Brokers' take: DBS, CGS-CIMB upgrade Keppel DC Reit to 'buy' on China expansion
KEPPEL DC Reit's AJBU maiden acquisition in China will provide a significant boost to distributions at the data centre real estate investment trust (Reit), analysts said as they upgraded their calls on Tuesday. They also believe the Reit could begin adding more aggressively to its portfolio.
The research team at DBS upped its call from "hold" to "buy", upping its target price from S$2.80 to S$3. This is a 15.8 per cent upside from its closing price of S$2.59 on Tuesday.
DBS said in its report that the announcement of the Guangdong data centre acquisition, for 639 million yuan (S$132 million), has "reignited optimism on Keppel DC Reit's growth trajectory".
"At the current share price and its relatively low weighted average cost of capital, acquisitions should be highly accretive," they said.
DBS projects Keppel DC Reit's distribution per unit (DPU) to grow by 8 per cent per year, on a compounded basis, from now to FY2023.
Growth will be driven by asset enhancement initiatives points as well as acquisitions, with more acquisitions expected by the end of FY2022. DBS has assumed acquisitions of S$300 million in H2 2022.

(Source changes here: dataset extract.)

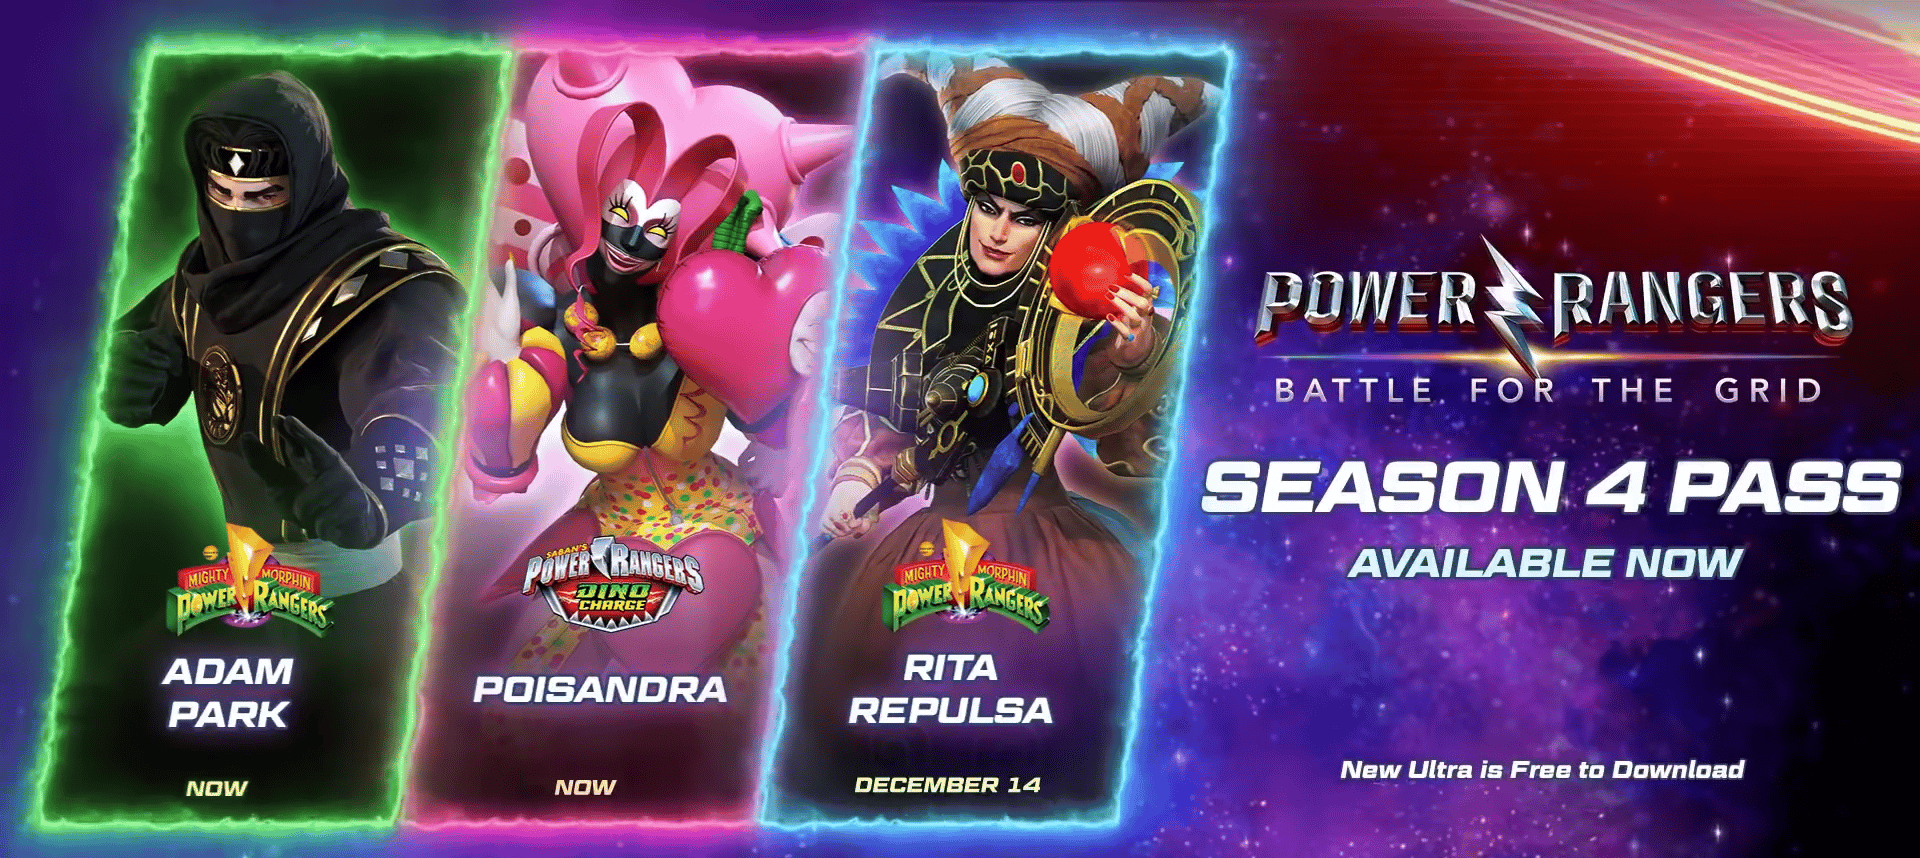 Power Rangers: Battle For The Grid – Rita Repulsa DLC – December 14th 2021

Keppel DC Reit on Monday said DPU for H1 2021 increased 12.5 per cent to 4.924 Singapore cents.
CGS-CIMB, meanwhile, has upgraded its call on Keppel DC Reit to "add" from "hold". Its target price, however, was revised downwards: to S$2.84 from S$2.86. That represents potential upside of 9.7 per cent.
Analysts at CGS-CIMB said in a report that Keppel DC Reit had missed its projections, with DPU for H1 coming in at just 47.1 per cent of what CGS-CIMB is forecasting for the full year.
But the research team projects a stronger second half, and also sees Keppel DC Reit possibly picking up the pace of its acquisition.
The property it is buying in China is the first of six data centre buildings to be completed in the Bluesea Intelligence Valley Mega Data Centre Campus, and Keppel DC Reit will have right of first refusal to the remaining five too.
A faster acquisition pace would be a re-rating catalyst, CGS-CIMB said.
On the environmental, social and governance front, CGS-CIMB noted that Keppel DC Reit has a relatively good performance across all pillars. But the brokerage flagged the need to monitor the energy consumption of Keppel DC Reit's data centres. It also noted the Reit's slower-than-expected implementation of responsible environment practices across its holdings as a possible drag on its stock.